A informação foi revelada pela rádio France Info nesta sexta-feira (14). Segundo o Ministério da Cultura da França, as doações recebidas até o momento chegam a € 80 milhões.
O montante que chegou aos cofres das fundações que gerenciam o patrimônio francês corresponde a pequenas doações particulares, sob forma de cheques, transferências e até mesmo dinheiro vivo. Segundo a France Info, muitos doadores também decidiram recuar, ao perceberem o grande sucesso da mobilização em prol da catedral.
O ministro francês da Cultura, Franck Riester, tentou minimizar a situação, em entrevista ao canal France 2 nesta sexta-feira. “O que acontece é que pode haver pessoas que prometem, mas, no final, não realizam a doação.

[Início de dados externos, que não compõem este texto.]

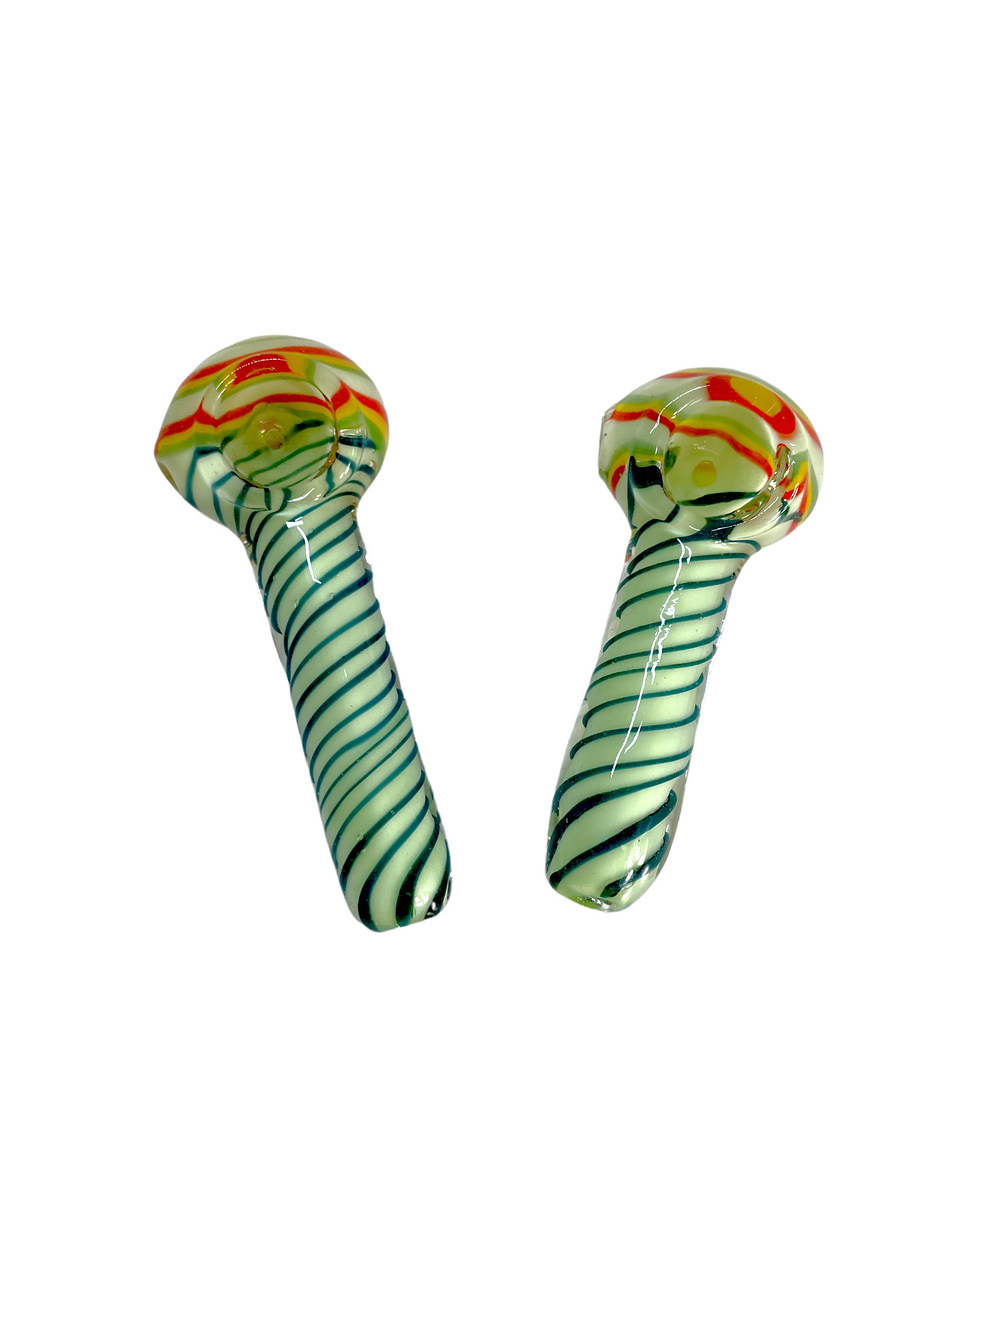 3.5" Slime Spiral Glass Hand Pipe

Mas, sobretudo – e isso é normal – as doações serão feitas progressivamente em função da evolução das obras”, afirmou.
Doações “ainda são bem-vindas”
Riester sublinhou que a “onda de generosidade deve continuar” e que “as doações ainda são evidentemente bem-vindas”. O ministro também explicou que grandes mecenas como as famílias Arnault e Pinault – que prometeram, respectivamente, € 200 milhões e € 100 milhões – querem saber o que será feito com o dinheiro que se engajaram a doar. Isso impede que o Estado possua o dinheiro antes que a reconstrução do monumento seja iniciada.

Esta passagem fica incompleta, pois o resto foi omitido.